Palm Sunday of the Lord’s Passion
Attitude to the Sufferer (Mark 14: 1-15,47)
The Passover is addressed to make us aware of our attitude to the suffering of Christ.
We live in a time when we can hide behind a mass of people. We adjust our opinions, attitudes, lifestyle … Today’s procession with children in hand is not a folklore event. It is a liturgical act to commemorate a significant event in our salvation history, the entry of the Lord Jesus into Jerusalem. During these days, councils of penitents stand freely and voluntarily in churches to confess their sins.
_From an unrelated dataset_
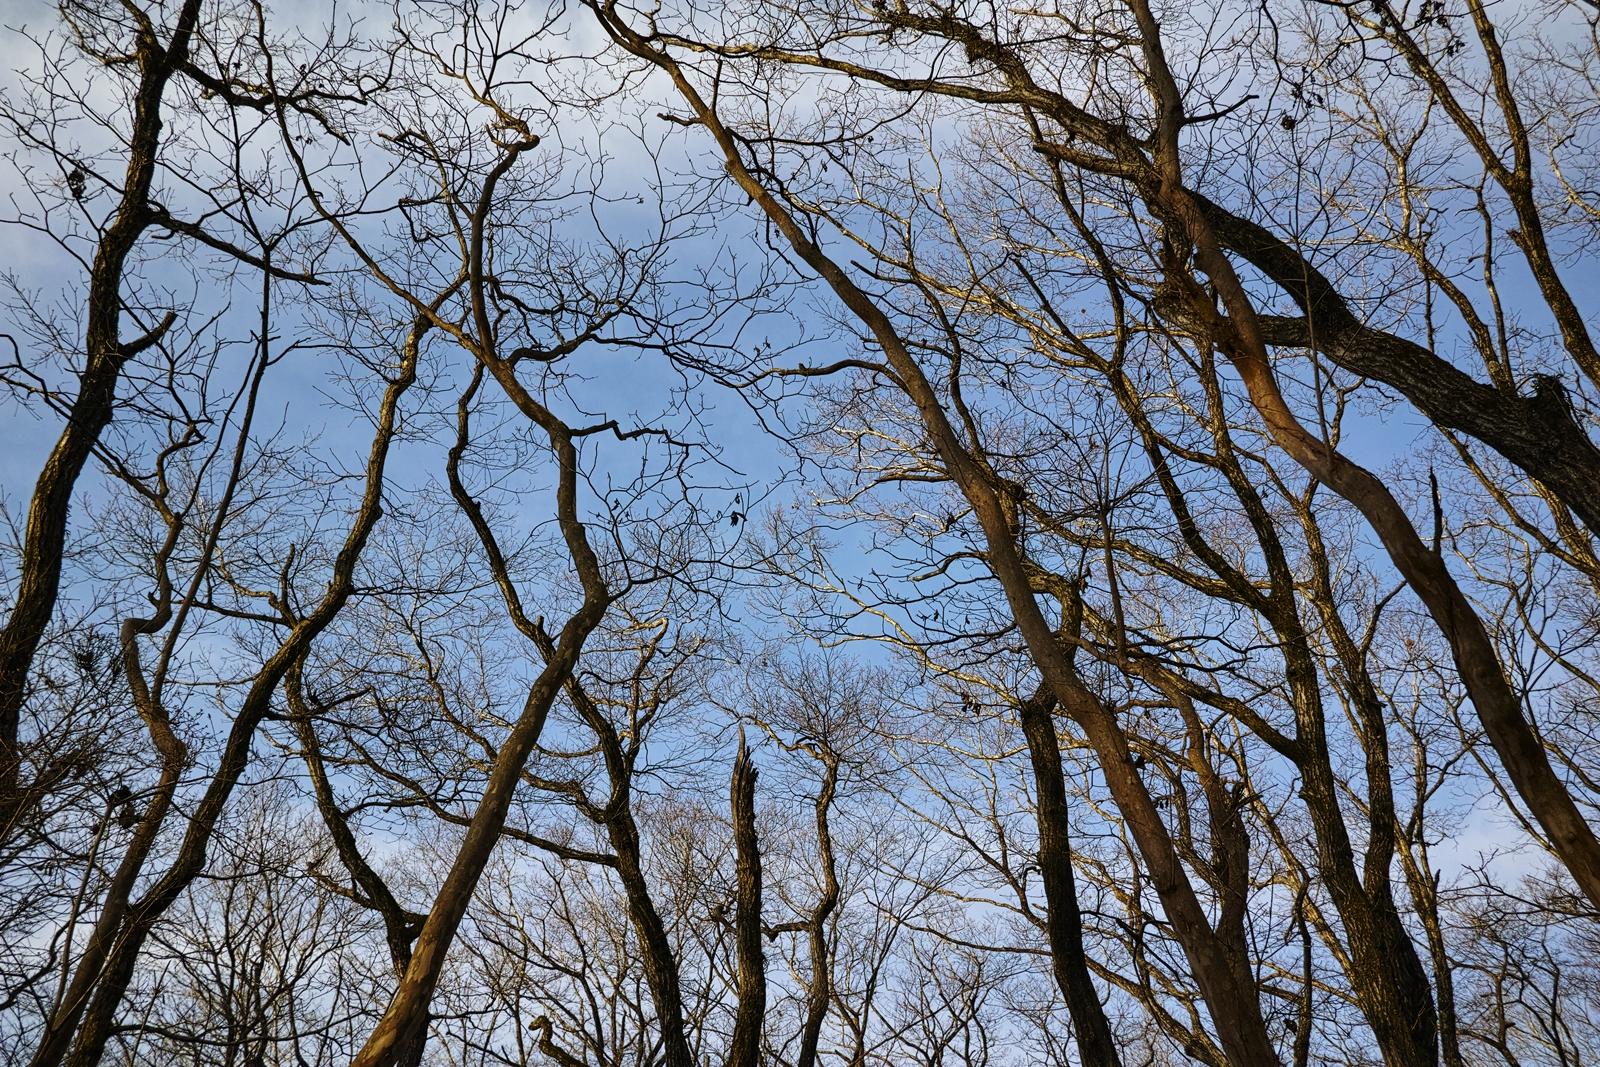 Photo: 音の無い森 / Silent forest.  聞こえるのは 足を踏みいれる乾いた葉の音 静寂に閉ざされた 音の無い眠りの森  SIGMA dp1 Quattro #SIGMA #dp1 #Quattro #Foveon #landscapephotography ( http://takafumiooshio.com/archives/750 )
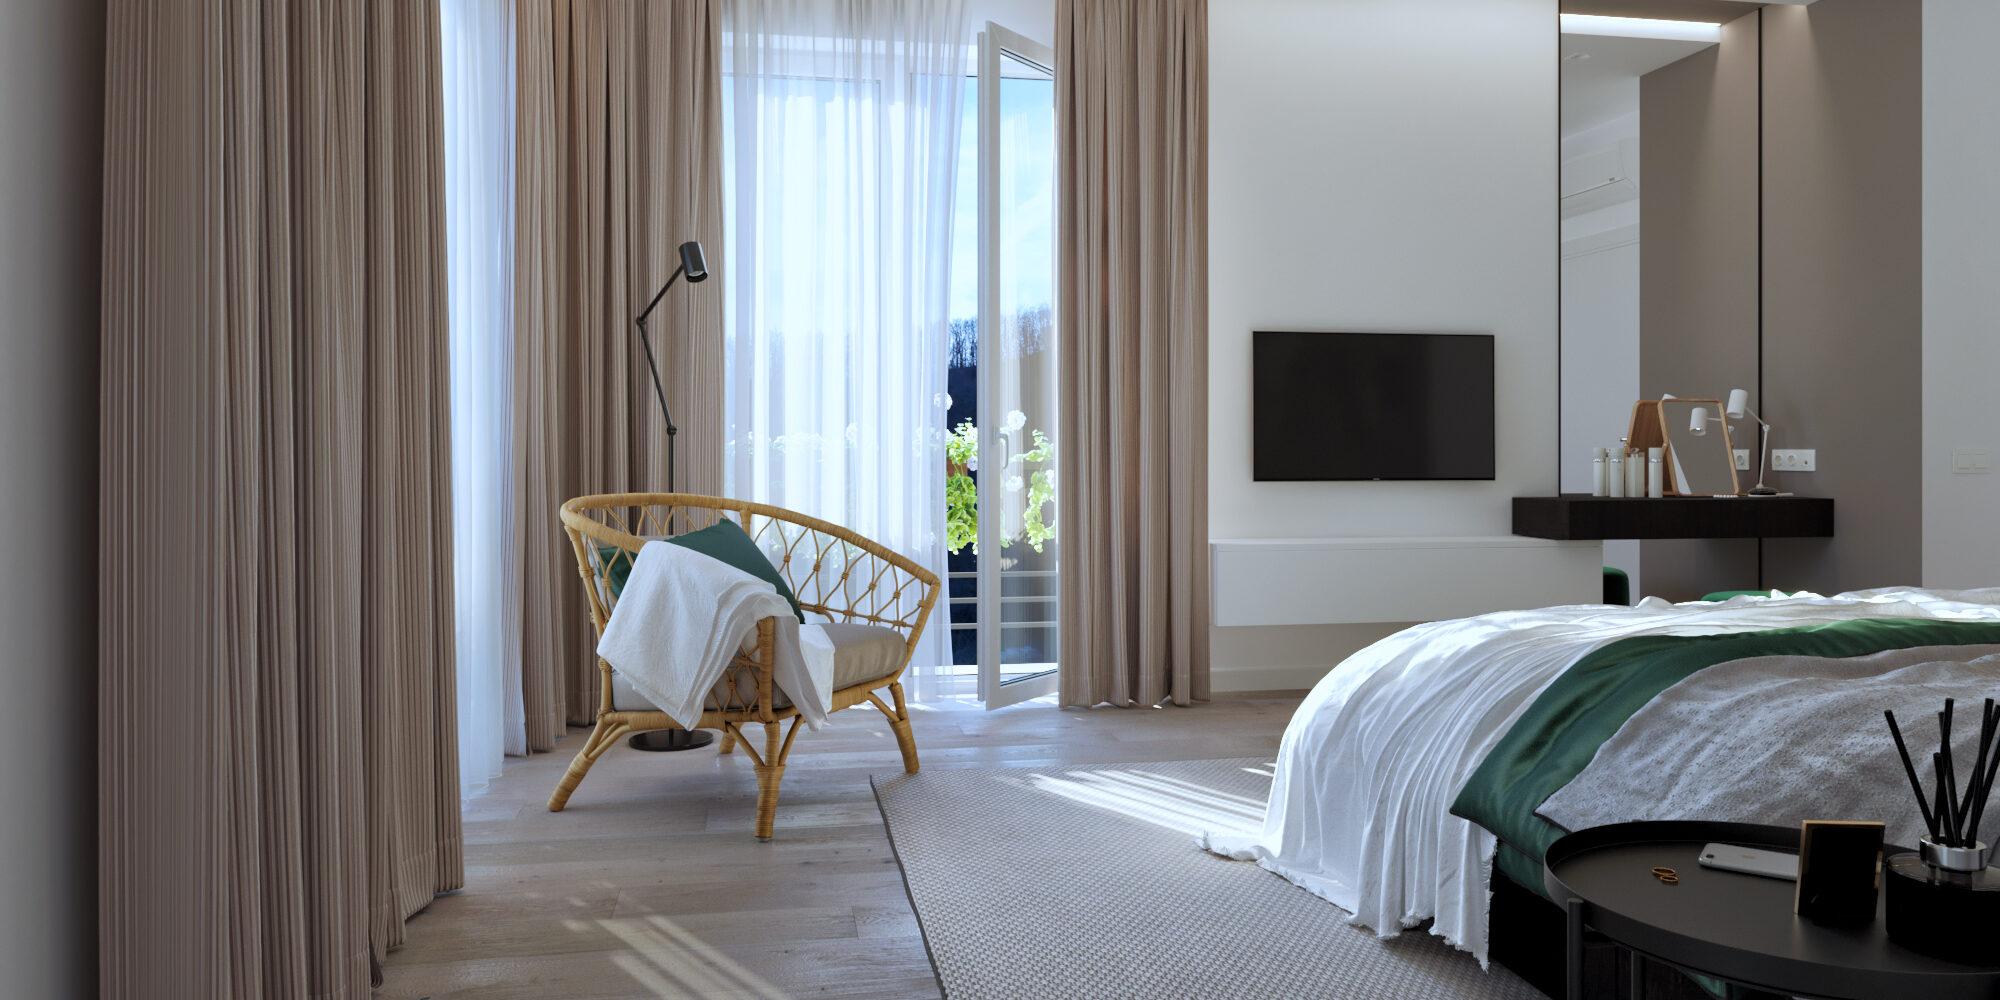 Интерьер дома с современном стиле

Many realize their failure, seduced by the flesh when they thought that as an individual, they meant nothing.
And yet. Two sentences from today’s gospel affect us each personally. “Hosanna” (Mk 11: 9)! and “Crucify him” (Mark 15:13)!
The words of the Passions came to an end, and the unpleasant words “Hosanna!” And “Crucify!” to Jerusalem and to whom the crowd called: “Hosanna! Blessed is he who comes in the name of the Lord ”(Mark 11: 9)! These are words of blessing. In the Book of Psalms, we read the words of this blessing: “We beseech thee, God, grant us salvation, we beseech thee, O God, grant us good luck” (Ps 117:25). And to the same Christ in the courtyard of Pilate, the mass of the people, the exalted crowd shouts death: “Crucify him” (Mark 15:13)!
It is also the heart of man. He can love and hate, celebrate and tread. So is my heart. How easy it is to call “Hosanna!” When everything is joy and well-being when there is peace. It is just as easy to shout, “Crucify him!” When life is not going the way we want it when God asks us for something else. That historic Sunday continues today. Even today, the crowds fill the churches. Even today, they have branches in their hands, and even today, the call is “Hosanna.” But even today, the crowd cries out with their common sin, and each man with his sin “crucify him.”
The mystery of Jesus’ Passion and Resurrection continues. Jesus lives in the glory of heaven, but also the history of the world and the Church, in the history of the life of each of us. How would I behave when Christ entered Jerusalem and in the court of Pilate? Would we, too, be part of the mass, the crowd?
History is also today, my life. It is a memento for us today to act as brothers and sisters of the Lord Jesus and not as people without our own judgment. Free will and reason are values that we must not abuse against each other. Jesus redeemed us and saved us. He suffered and died for us, but he also rose from the dead for us. In this week, which we call Holy or Good Week, it is right that we realize the meaning of each of our thoughts, each of our words, and each of our deeds. They will either be our reward or our punishment. The pretense does not stand before God. It is right that we get to know our attitude, our face as soon as possible so that it benefits us. Let us not forget this even during the sacramental reconciliation.
Our desire is for us to persevere in joyful shouting, not only today but also tomorrow, until the end of time. Bishop Fulton Sheen talks about his experience. He was invited to a conference in a city where he had not yet been. He met a boy on the street and asked him on the way to the hotel. The boy answered and immediately asked him who he was. In response, the bishop told him that he was a bishop. The boy didn’t say anything, so he kept asking, “And what are you doing? What are you doing?” : “You don’t know the way to the hotel, and you want to show the way to heaven?”
For us, this means that it is not enough to talk about Christ’s suffering. It is necessary to follow Christ. After the Passover Sacrament of Reconciliation, a change of life is needed. Stand out from the masses. Do not compare with others. Take a radical attitude toward sin, especially your own.